The following post was originally published over at 299Days.com.
By Glen Tate
This guy is your enemy. (During the Collapse, that is.)
He doesn’t seem like it; in fact, he looks kind of wimpy. He’s not a jack-booted Homeland Security trooper breaking down your door to take your guns, so he can’t be a threat, right?
Wrong. Dead wrong. He’s a bigger threat to most of you than the government.
Of course the government will be a threat, especially in urban areas where they will congregate and hold onto power in their fiefdoms. Gangs will also be a threat (more on that in Part 2 of this series). My point is that the guy pictured above – the unprepared neighbor – is the one most likely to actually try to take your stuff and, if necessary, hurt you and your family.

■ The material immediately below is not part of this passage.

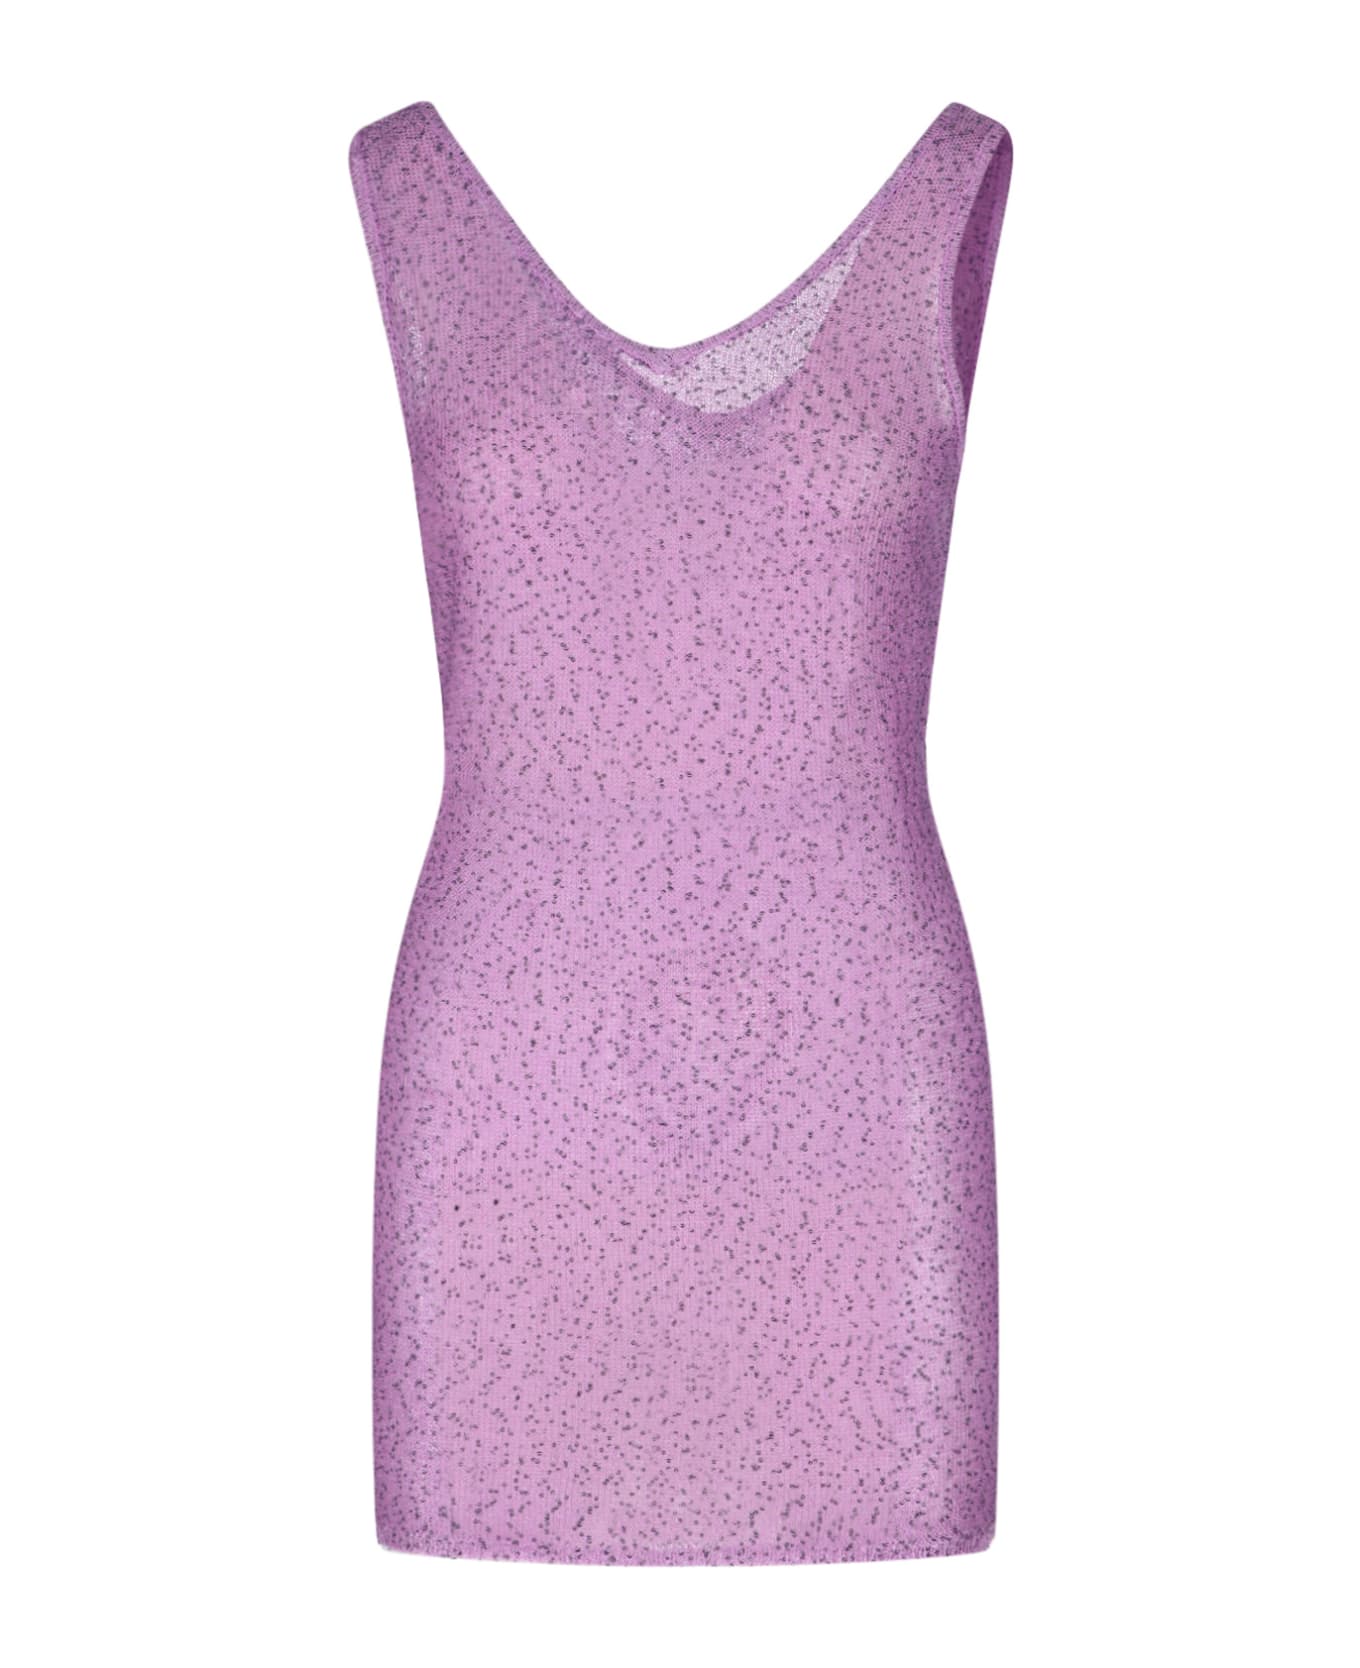 REMAIN Birger Christensen Sequins Top Dress - Purple

Who is this guy and why is he a threat?
He’s the guy who lives next to you. Just an average guy. Maybe you even gently tried to bring up the topic of prepping with him. He looked at you like you were from Mars and said, a little sarcastically, “Oh, like those people on Doomsday Preppers?” Being a good (feminized) male in the suburbs, he thought preppers were a bunch of right-wing crazies who just had some weird fetish about (icky, icky) guns. He had plenty of opportunities to prepare but spent his time and money on concerts, trendy clothes, and whatever else most of America thinks is more important than taking care of their families in a crisis.
Then the Collapse hits. Very soon his high-end grocery store is out of goat cheese and the police are no longer functioning. After the shock and total disbelief wears off, he is terrified. Not just scared, but lose-your-mind hysterical. He’s been awake for several days because of all the gunfire he’s hearing, the baby has been crying, and his wife has been screaming at him for hours to “do something!” (This, of course, is a story in itself because she was the one who told him he can’t have a gun like Todd and Chloe in the 299 Days book series.) Your unprepared neighbor is not thinking rationally. He’s desperate. Studies show that after about 72 hours without food, people – even “nice” ones – will do horrible things to feed themselves and their families. He needs to shut her up, get some food, and feel safe. He’ll do anything to make that happen. Anything.
He remembers that conversation he had with you about “having a little bit of food in case the power goes out during the next ice storm.” He remembers seeing you putting a gun into your car that day you went to the shooting range. It all becomes “clear” to him: You need to give him food and a gun. It’s only fair. Besides, he tries to reassure himself, you are a nice guy. You’ll help.
He walks over to your place. He’s nervous and scared of what he’ll do. He politely knocks on your door. You don’t know it’s him so you don’t answer – home invasions are happening everywhere and the last thing you want to do is let anyone in.
The knocking gets louder. Then even louder; by now, it’s pounding. Who ever it is banging on your door is angry.
Finally, you recognize his voice.
Should you let him in?
How you answer this is a personal choice and depends on the circumstances. However, my point is that you must recognize this guy for what he is: your enemy. That’s kind of harsh, but here’s why.
You can’t solve his problem.
You can’t feed him and his family for the next few months or even years or guard his place all night instead of guarding your own. You just can’t. That was HIS job and he failed miserably. He feels humiliated that he didn’t take care of his family – and his wife won’t stop yelling at him. You are the reason (in his mind) that his problem isn’t getting solved. So, instead of you being able to solve his problem, you ARE his problem.
Whether or not you let him in and give him a little food, he will start to talk to all the other neighbors who, of course, are not prepared either. They will decide that you’re a “hoarder.” Maybe the authorities are out looking for “hoarders” or “illegal guns” and one of the neighbors suggests that they turn you in. You get the picture. This guy is your enemy.
What can you do? Two things.
First, recognize that a seemingly harmless guy like this will, indeed, be your enemy. Recognizing this is the first – and biggest – step in successfully navigating this problem.
Second, get the hell out of that neighborhood at the first sign of the Collapse.